East City resident will be recognized on October 18 with a 'Top 4 Under 40' Peterborough Business Excellence Award

"Everyone is welcome on my bench," wrote East City resident Ashley Bonner on social media during Peterborough Pride Week, reflecting her passion for building community, for which she will be recognized with a "Top 4 Under 40" Peterborough Business Excellence Award from the Peterborough and the Kawarthas Chamber of Commerce on October 18, 2023. In 2020, Bonner combined her passion with her experience in both social work and social media to create a community hub on Facebook for her neighbours to offer and ask for help of each other during the pandemic. (Photo courtesy of Ashley Bonner)
"Everyone is welcome on my bench," wrote East City resident Ashley Bonner on social media during Peterborough Pride Week, reflecting her passion for building community, for which she will be recognized with a "Top 4 Under 40" Peterborough Business Excellence Award from the Peterborough and the Kawarthas Chamber of Commerce on October 18, 2023. In 2020, Bonner combined her passion with her experience in both social work and social media to create a community hub on Facebook for her neighbours to offer and ask for help of each other during the pandemic. (Photo courtesy of Ashley Bonner)
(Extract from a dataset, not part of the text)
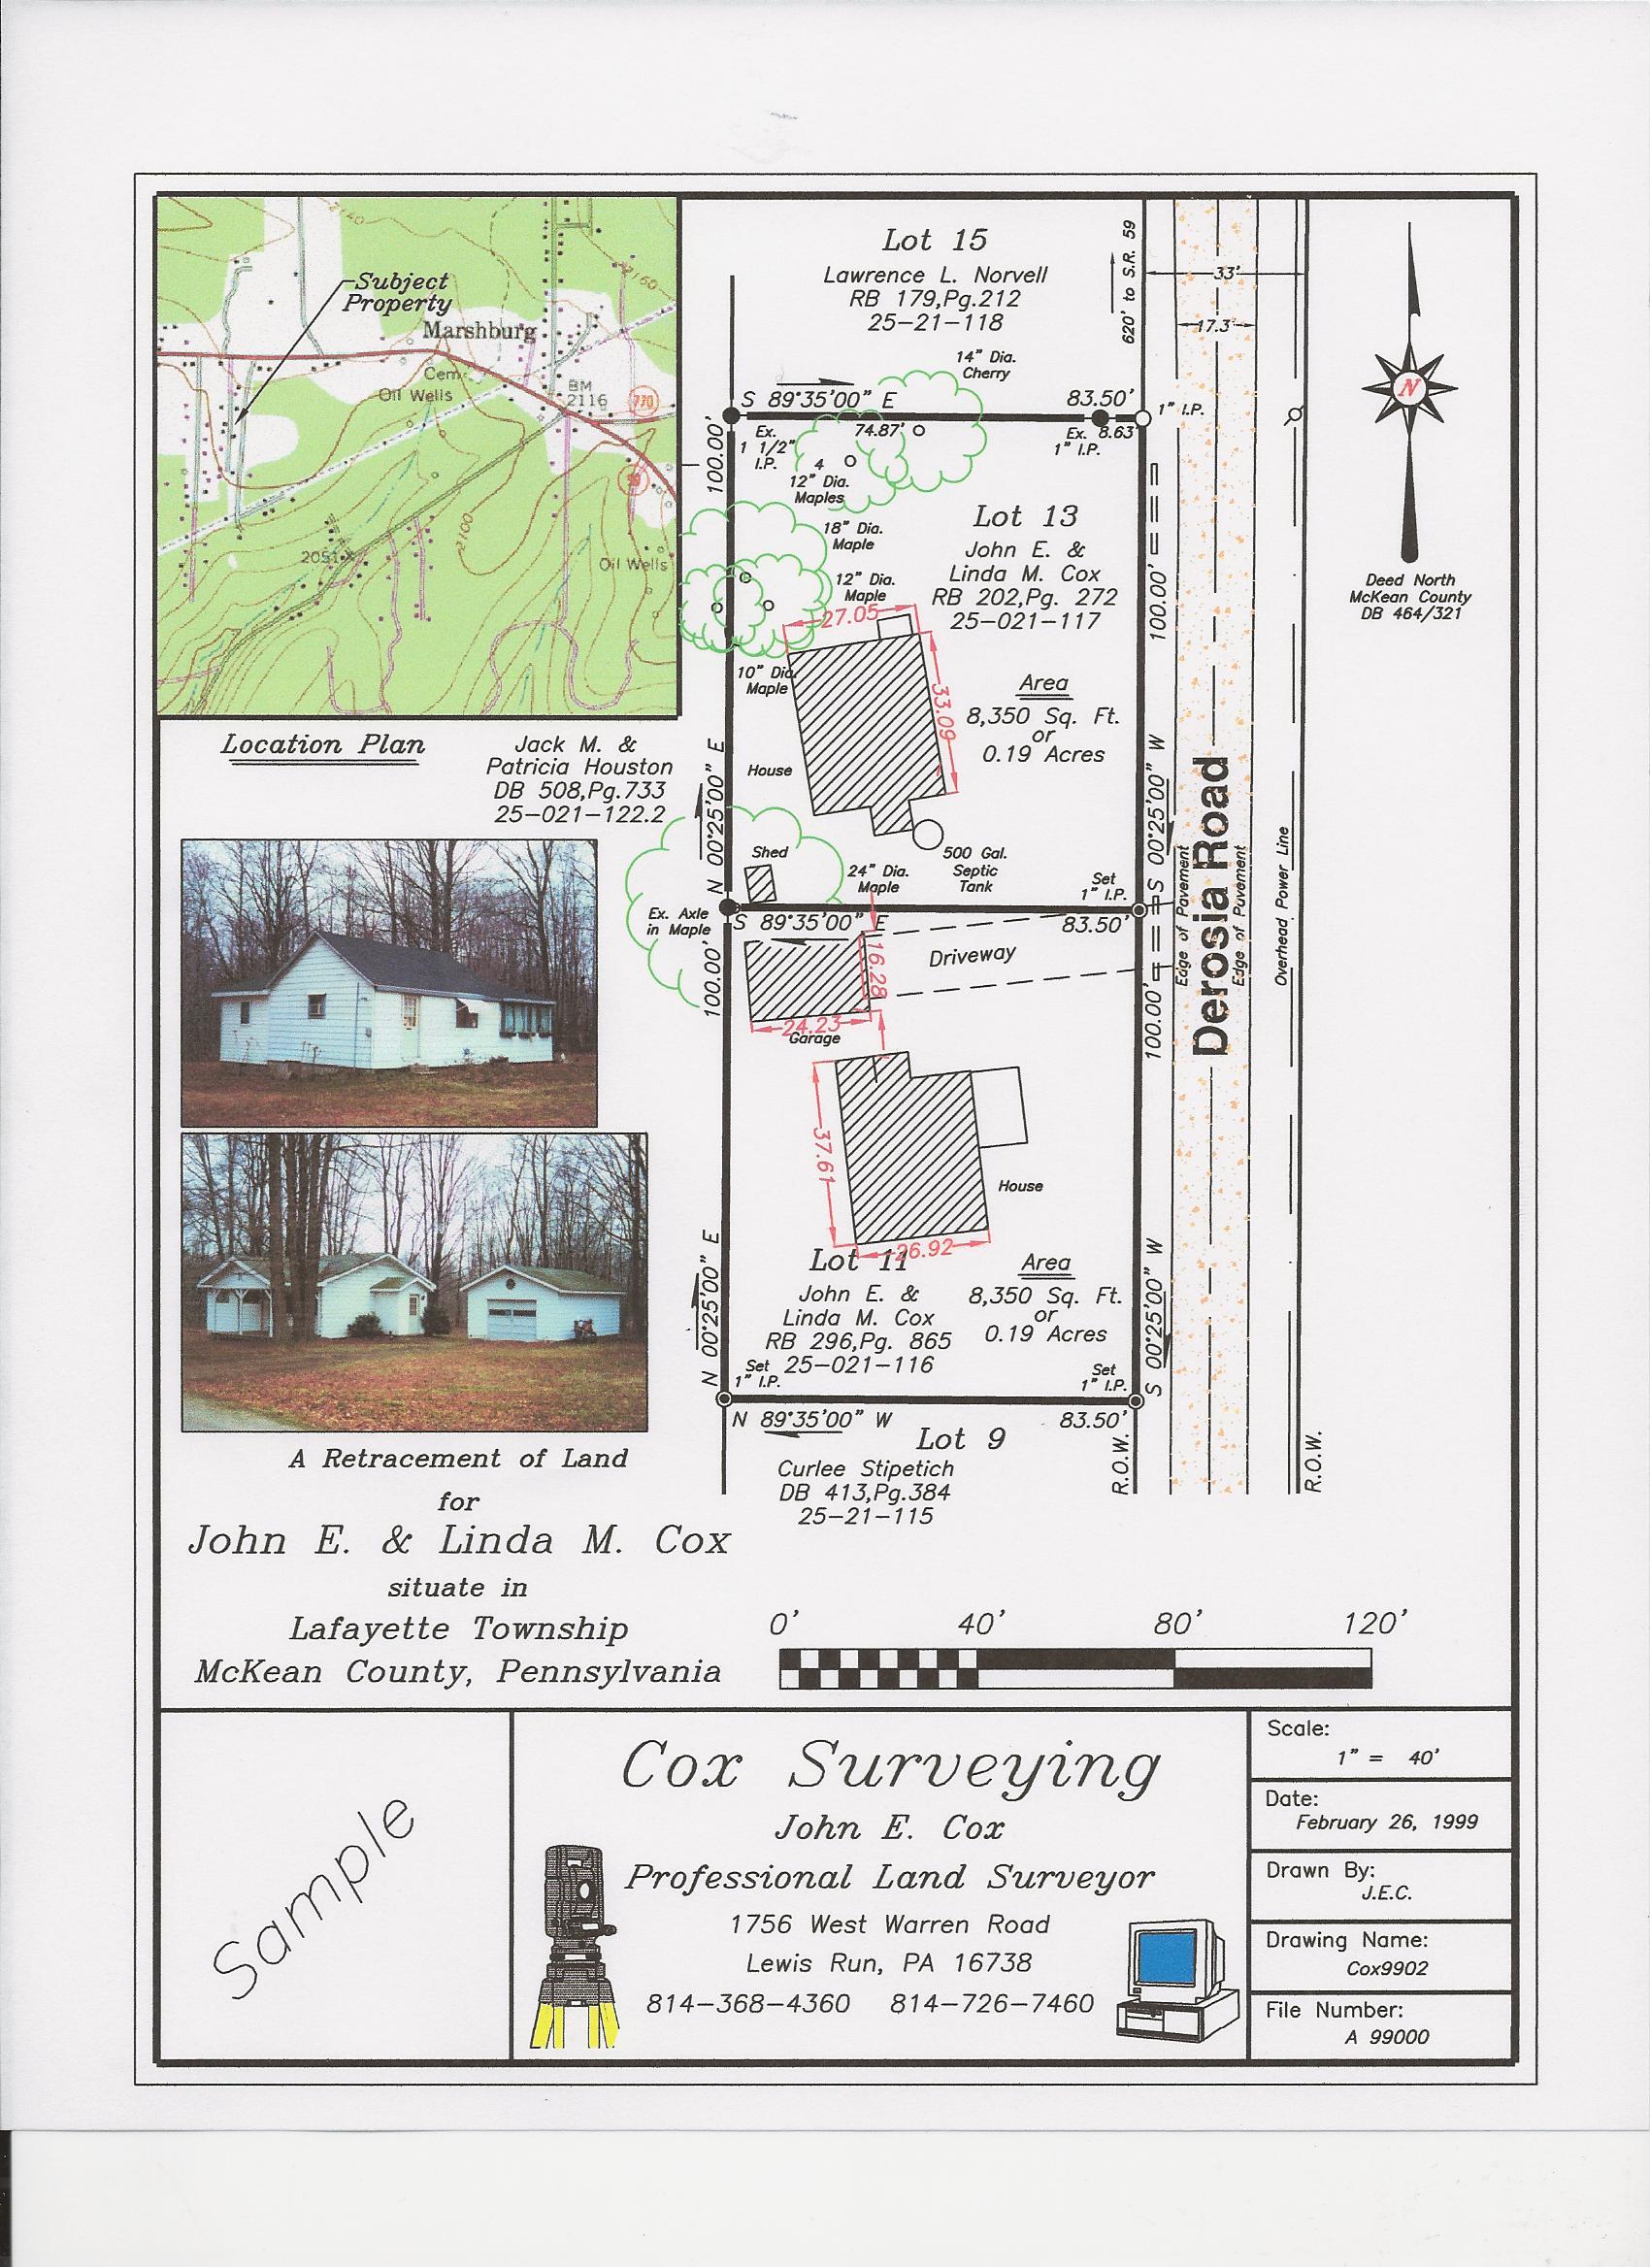 Final Map - Cox Surveying in Lewis Run, PA.

Ashley Bonner will be stepping out of her comfort zone on October 18 when she takes to the stage at Showplace Performance Centre to receive a ‘Top 4 Under 40’ Peterborough Business Excellence Award from the Peterborough and the Kawarthas Chamber of Commerce.

Though she will be recognized for her efforts and successes in community building and development, Bonner is more accustomed to working behind the scenes — and behind the screen.

Not only does Bonner own Smarketing, a social media marketing and management service, but she’s also behind number of neighbourhood Facebook and Instagram accounts and groups, including the East City Community Hub created for her own neighbourhood where she has spent most of her life. Through these outlets, she has organized neighbourhood events with the goal of creating community, building resilience, and encouraging local shopping.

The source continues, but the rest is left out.